The very best salesmen will research their potential client, perhaps simply to find something they have in common to talk about. Mentioning your latest golf exploits at the end of the meeting may well gain favor with a client that has a keen interest in the sport. Some sales persons may take this even further by actually profiling their client, reading any available information associated with the subject to provide a better “sales pitch.” This initial reconnaissance is mirrored in the first stages of a social engineering attack with the target company and the staff research. Social engineers will harvest as much information as they can to increase the chances of perpetrating a successful attack. Consequently, both salesmen and social engineers will take full advantage of getting to know their targets very well.
Additionally social engineers may try to impersonate individuals to elicit sensitive information from their targets. Similarly, the successful sales person may also try impersonation in an attempt to gain a foothold for the sales process. For example, impersonating staff members simply to get a direct telephone number to a particular department or specific staff member or to elicit information on competing sales companies. Social engineers will contact the target company to elicit similar information to aid in further attacks. The only difference is the ultimate objective with the salesman wanting a sale and the social engineer wanting to gain access to sensitive information or to gain information they can use to attack the company in some other way.

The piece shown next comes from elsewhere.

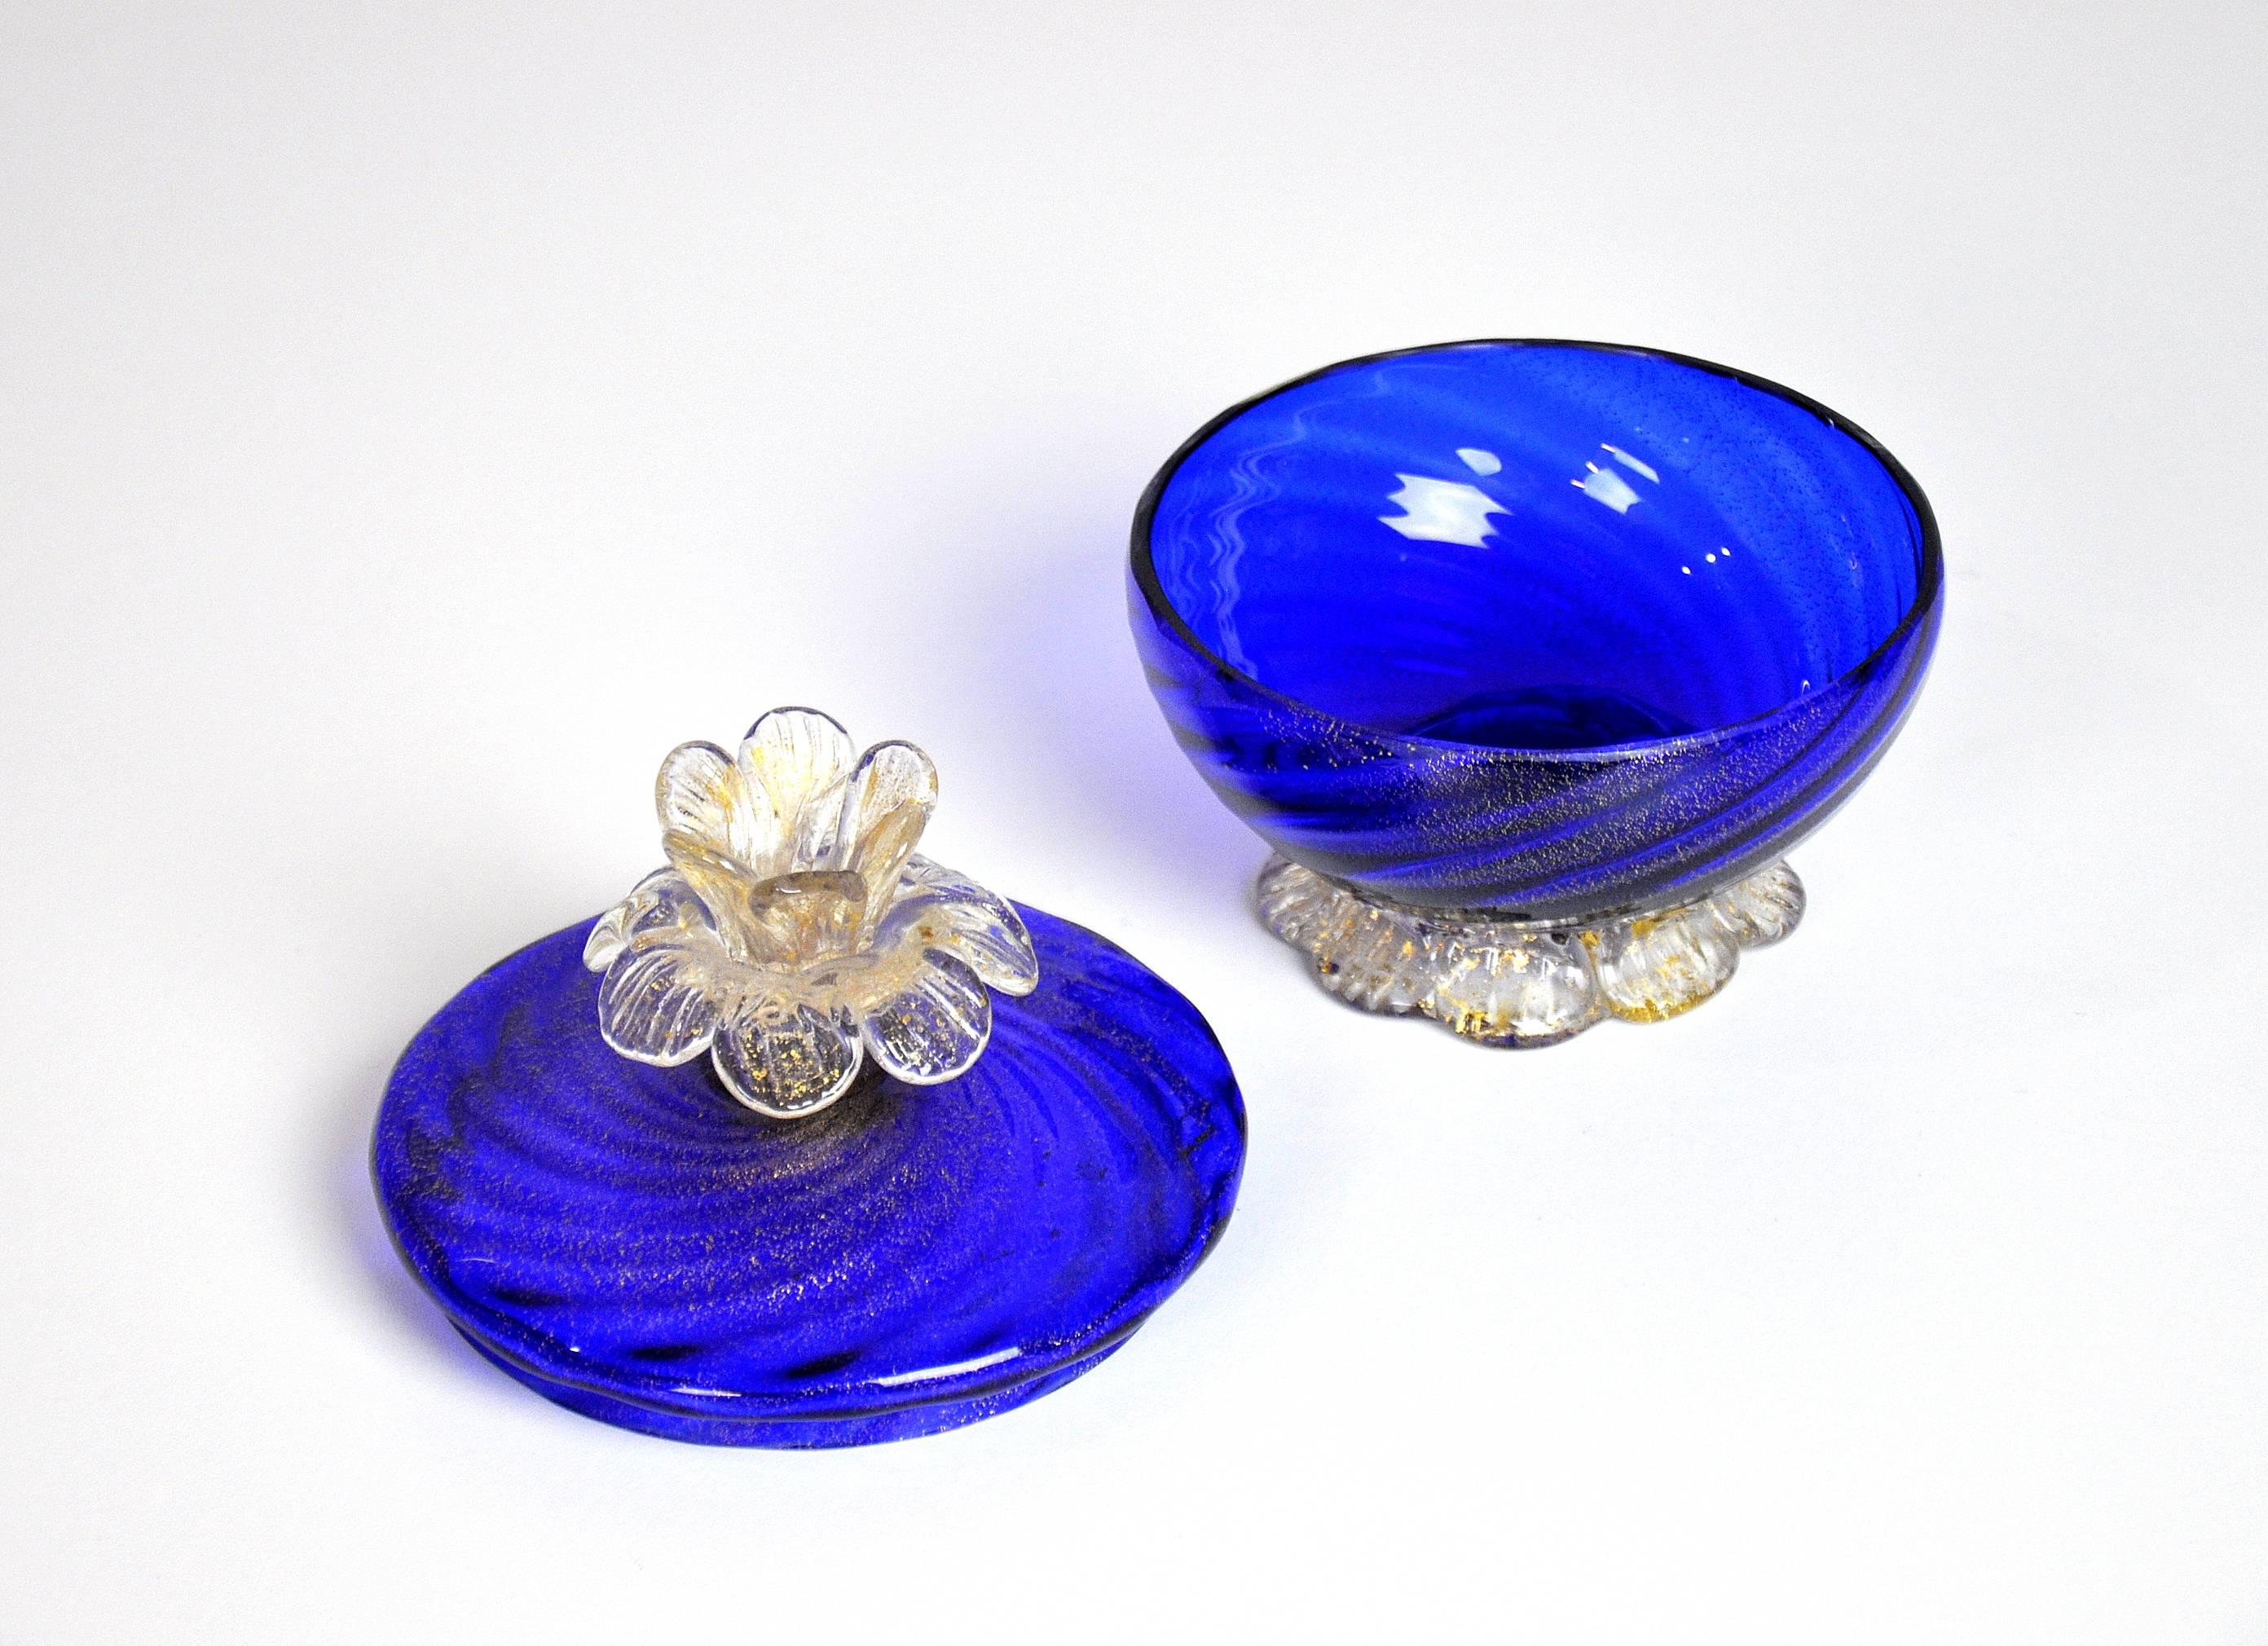 This vintage Venetian handblown art glass covered footed bowl features gold leaf inclusions, a figural finial skillfully shaped like a flower and a petal or leaf shaped base. The jar's deep, rich cobalt blue hue makes for a striking and elegant

Therefore it can be said that salesmen make the best social engineers, with their natural confidence, positive attitude, and experience of effective influencing techniques. Their sole purpose is to sell you a concept or an idea. However, when that concept changes from buying something to giving up your password, you’d best be on your guard, buyers beware!
There are a plethora of individuals in everyday life that use social engineering techniques, not just clever sales persons. In fact you may have used the techniques many times yourself, perhaps to convince a friend to do something or prise some snippet of information out of a colleague. Indeed numerous agencies, departments, organizations or groups are known to employ such techniques as part and parcel of their standard “trade craft.” For example:
• Law enforcement agencies, in order to draw information out of alleged criminal suspects
• Private investigators, to elicit information
• Lawyers, when questioning the witness
• Grifters and Hustlers, when tricking their mark
• even children, when trying to manipulate their parents
• organized criminals when attacking businesses.